Episode 8

"Yes! Siaran juga akhirnya! Hore! Hore!"

Aku melirik ke arah Adul yang sedang berjalan di sisiku. "Berisik!"

"Biarin ish Teteh. Meni ngga suka banget kalau liat Adul seneng," balasnya menyebalkan. "Eh, Teh. Kangen siomay Mang Udin, ya Teh?"

"Biasa aja. Kamu kali yang kangen, 'kan di Mang Udin bisa Senin-Kamis," ucapku tertawa.

Adul hanya melipat tangannya di dada dan melihatku sinis.

"Xu! Sini cepetan jalannya!" panggil Gia di teras. Merasa ada yang penting, aku setengah berlari menghampiri.

"Ada apaan sih Teh Gia?" tanya Adul.

"Diem! Aku teh ngga mau ngomong sama tukang tepok jidat temen sendiri ya!" kata Gia sinis.

"Ish Teh Gia mah, dibilangin Adul spontan nepok jidat Teteh. Ngga maksud nyakitin," jelas Adul. "Meni dari kemaren sinis terus sama Adul."

"Sini! Gantian aku tepokin tuh jidat, biar tau rasanya gimana," balas Gia.

Adul mendekat dan menyodorkan keningnya sebelum mengaduh keras karena balasan Gia atas apa yang dilakukannya tempo hari.

"Sakit ...." lirih Adul memegang keningnya.
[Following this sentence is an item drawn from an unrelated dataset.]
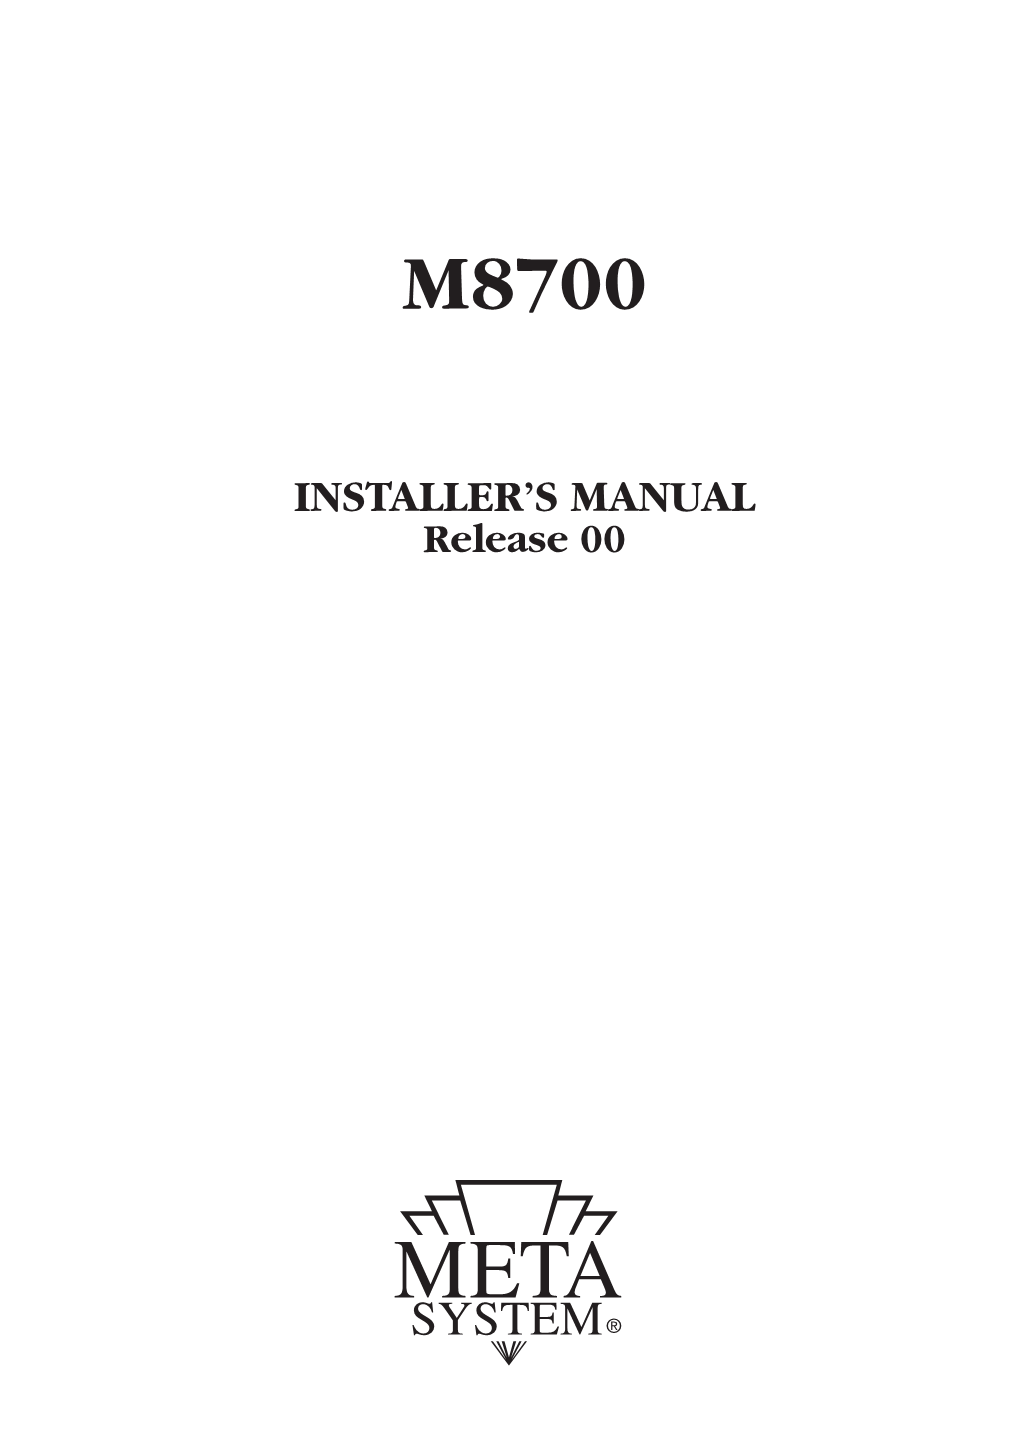 Installer's Manual
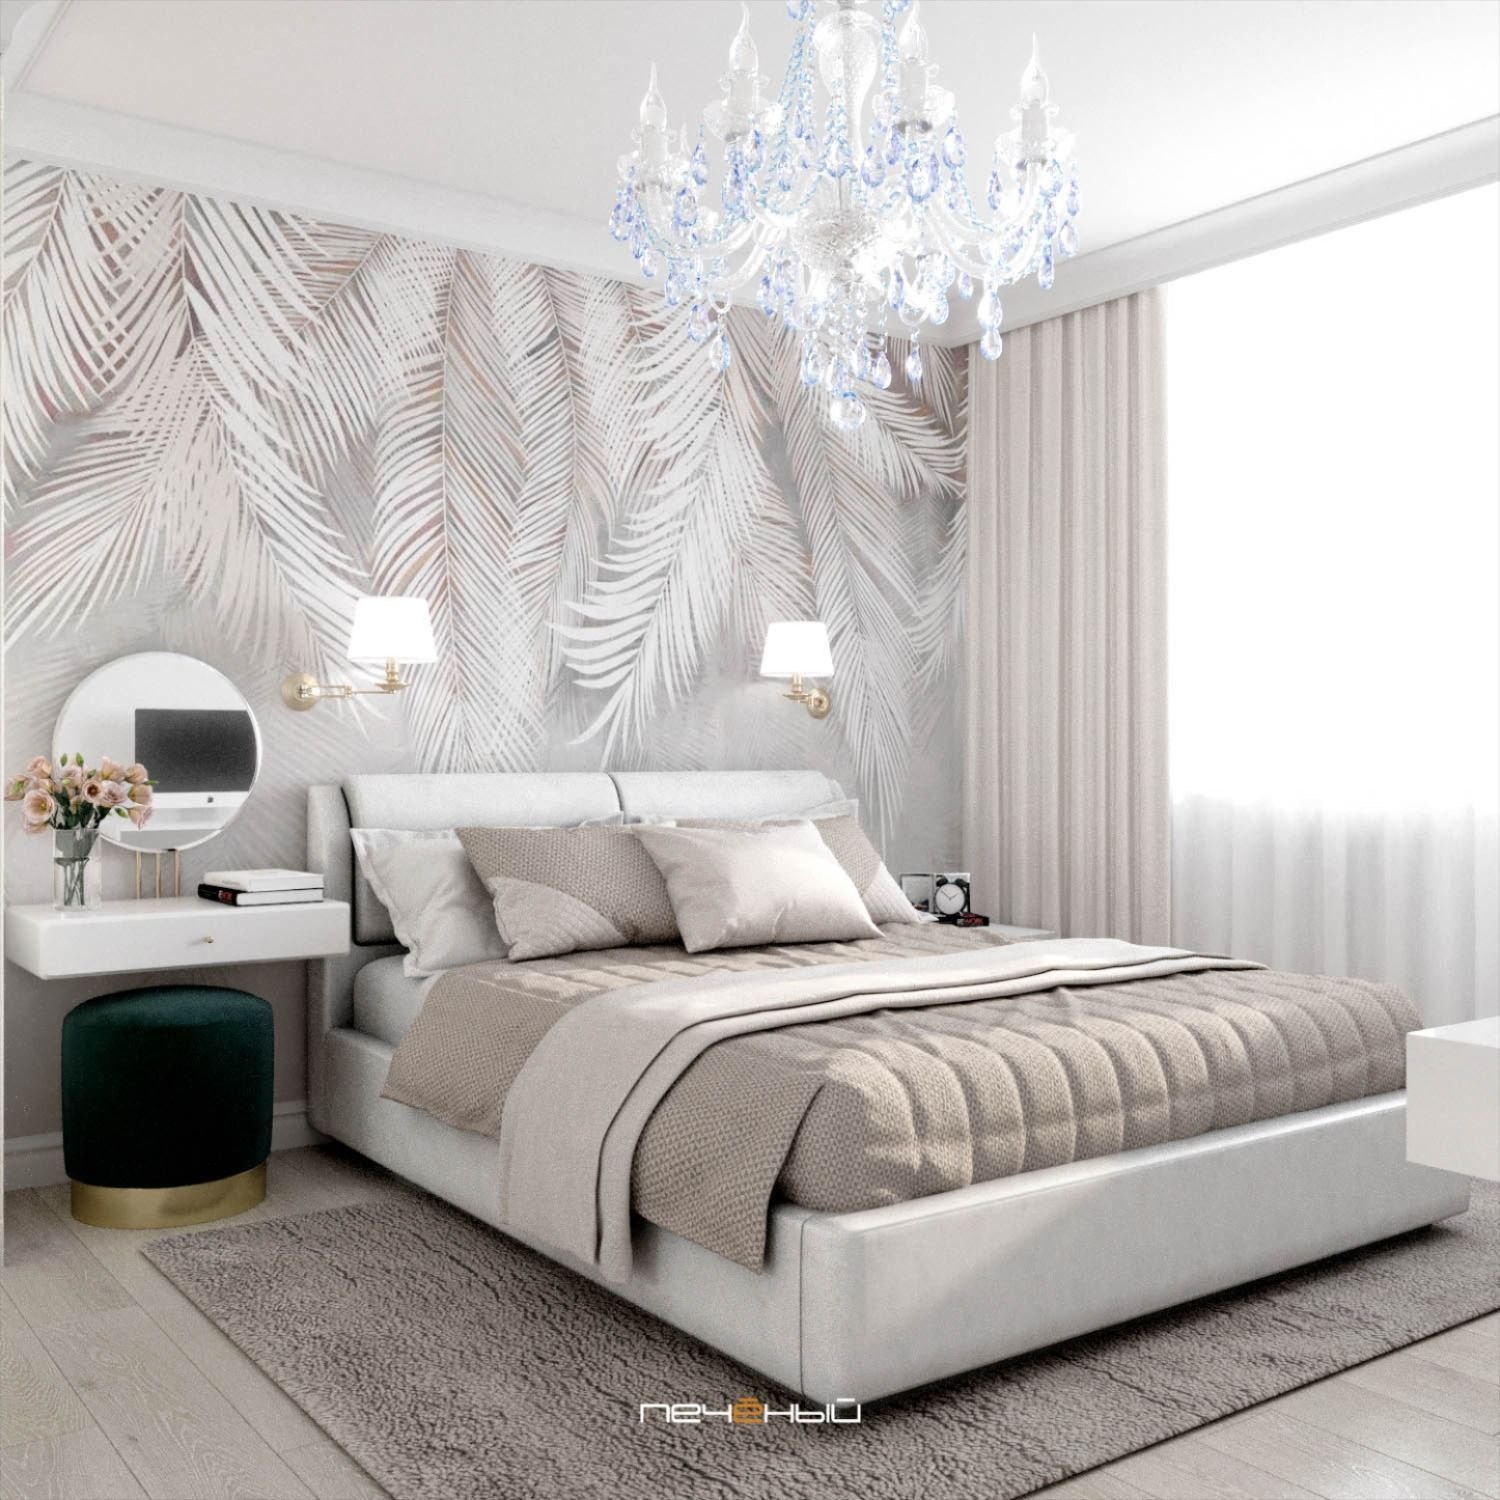 фото светлой современной спальни в квартире

Aku tertawa melihat mereka, lalu beralih menatap Gia. "Ada apaan?"

"Kita ngga bisa pakai sambungan telepon buat siaran perdana kali ini," ucapnya.

"Kenapa?"

"Nomor telepon yang jadi nomor Whatsapp Kisah Tengah Malam lupa diisi pulsa, jadi kena blokir. Besok mau aku urus sekalian pindah ke pasca bayar aja."

Aku mengangguk mengerti. "No problem," sahutku.

"Mau nyeret narasumber dadakan?" Adul bertanya.

"Ya kalau perlu. Banyak yang bisa diseret tuh. Ada Pak Obi, ada pedagang di depan sana. Pancing aja dikit pake cerita horor, pasti ngalir deh."

"Wih, topcer si Xu! Boleh-boleh," Gia mengangguk-angguk. "Ya udah kalo gitu konfirmasi dulu ke narasumber, sambil nunggu Remi dateng. Adul, bantuin aku nyiapin mic sama kursi buat narasumber," tambahnya.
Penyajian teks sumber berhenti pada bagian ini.